=== Work order ===
Copy out again, unchanged, the listing below from the line that has "Obey Wallpaper For" through the line that has "Hood Hat USA".

=== Provided information ===
<<<<

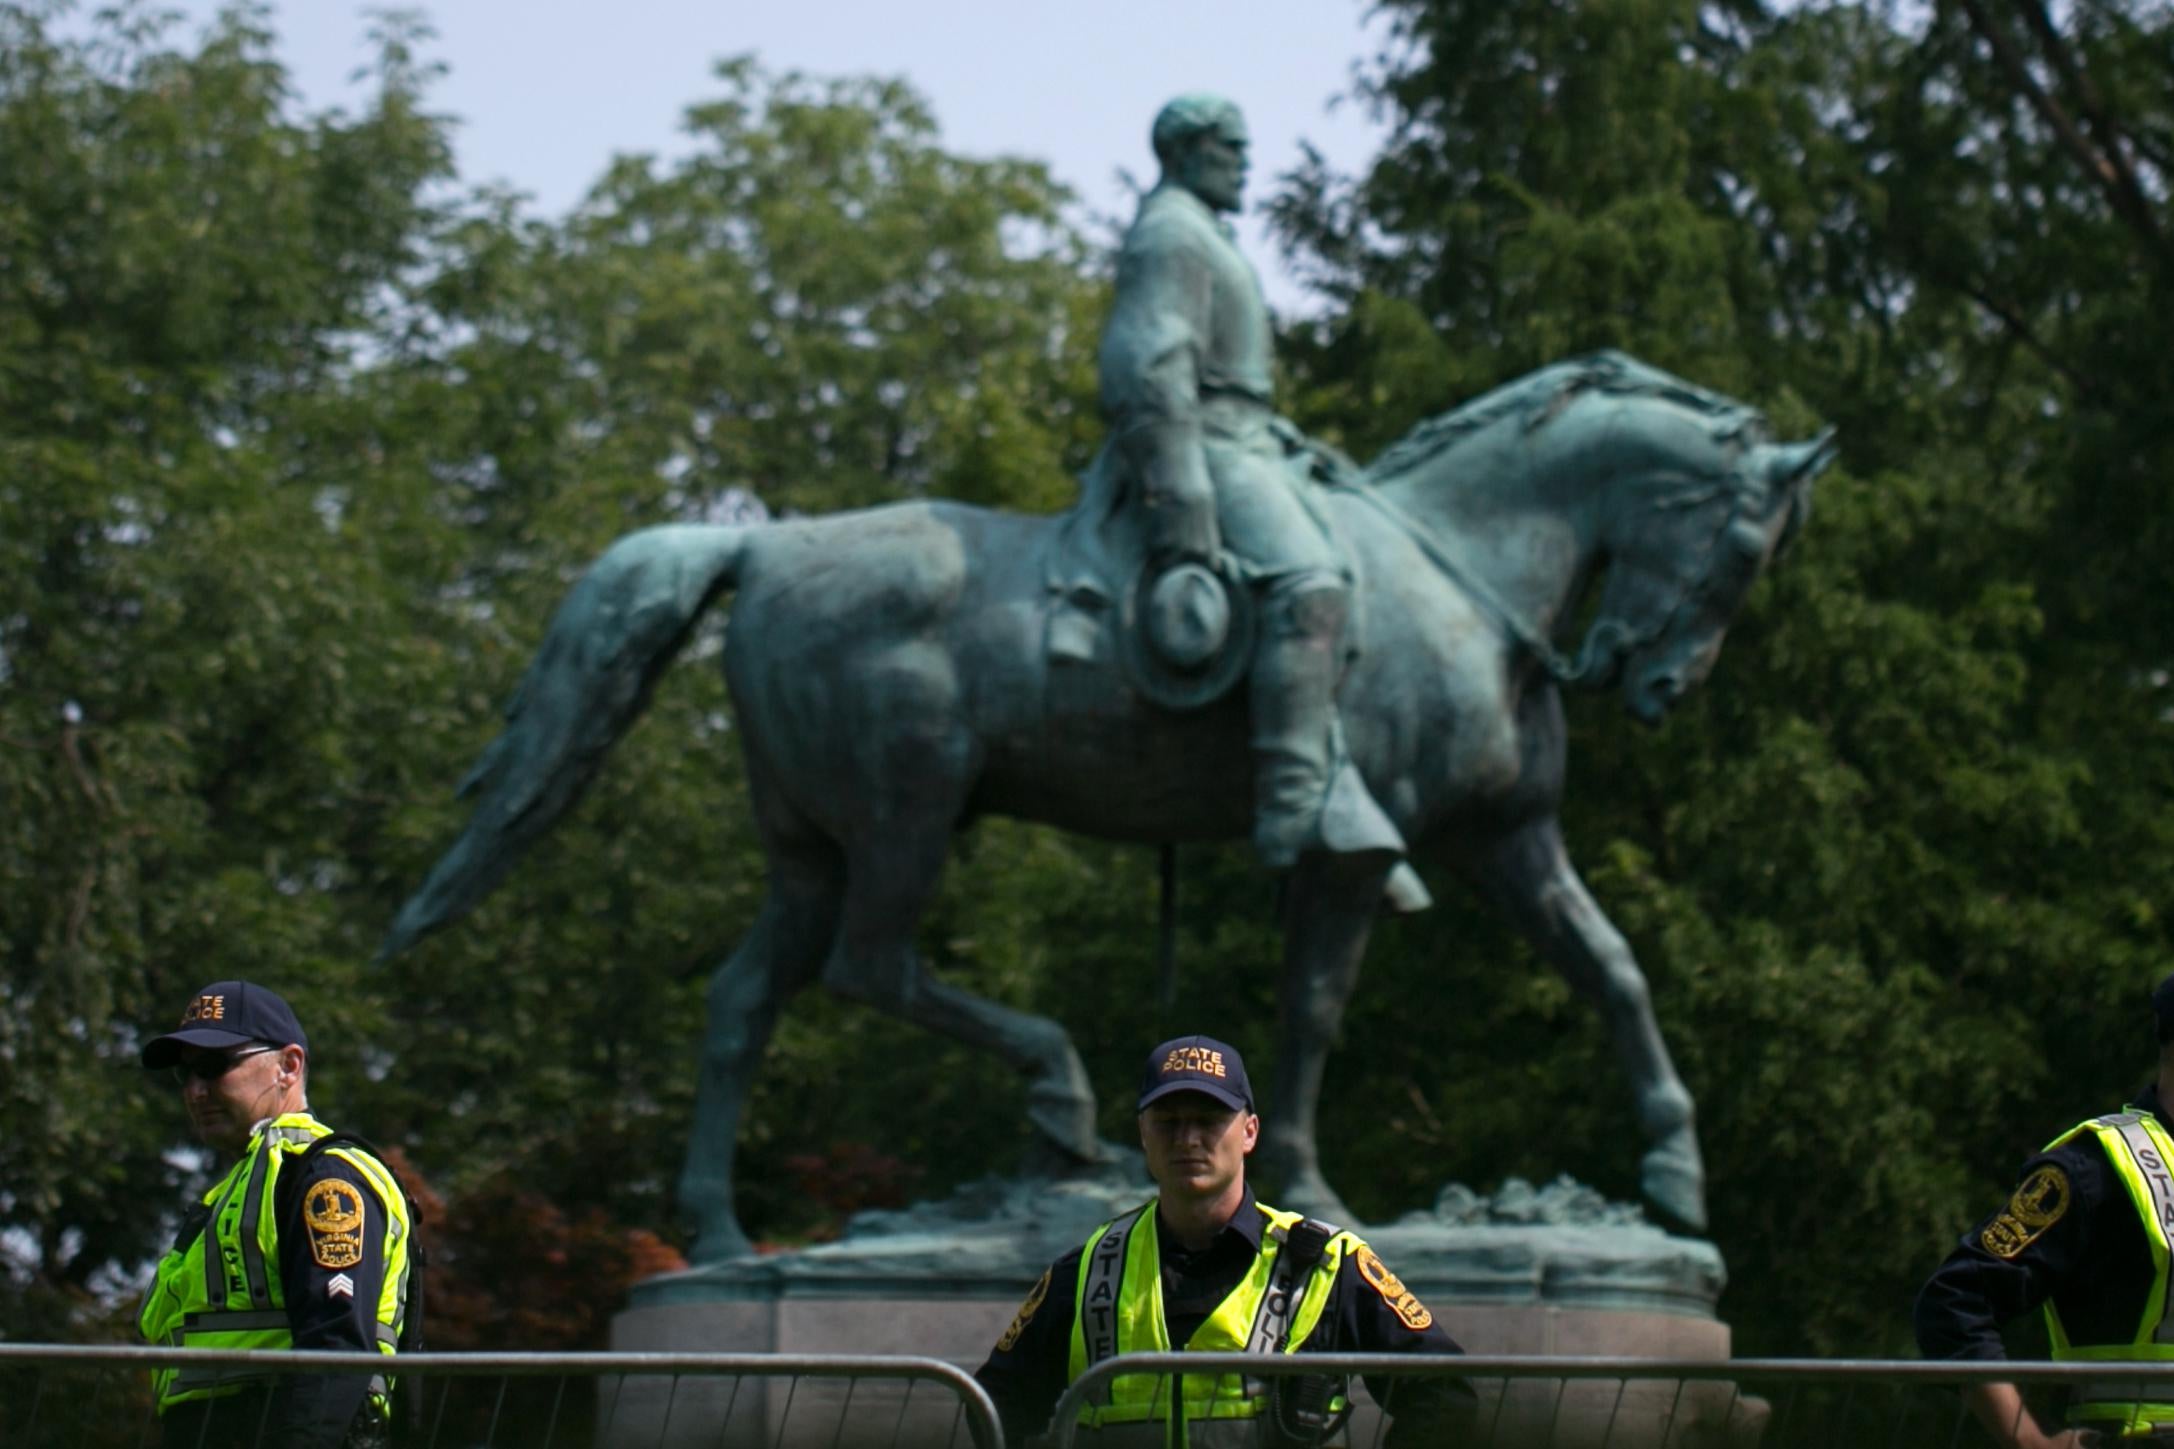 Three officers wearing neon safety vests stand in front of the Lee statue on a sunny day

>>>>
<<<<

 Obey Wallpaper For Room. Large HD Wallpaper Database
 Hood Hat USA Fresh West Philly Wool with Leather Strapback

>>>>

=== Answer space ===
 Obey Wallpaper For Room. Large HD Wallpaper Database
 Hood Hat USA Fresh West Philly Wool with Leather Strapback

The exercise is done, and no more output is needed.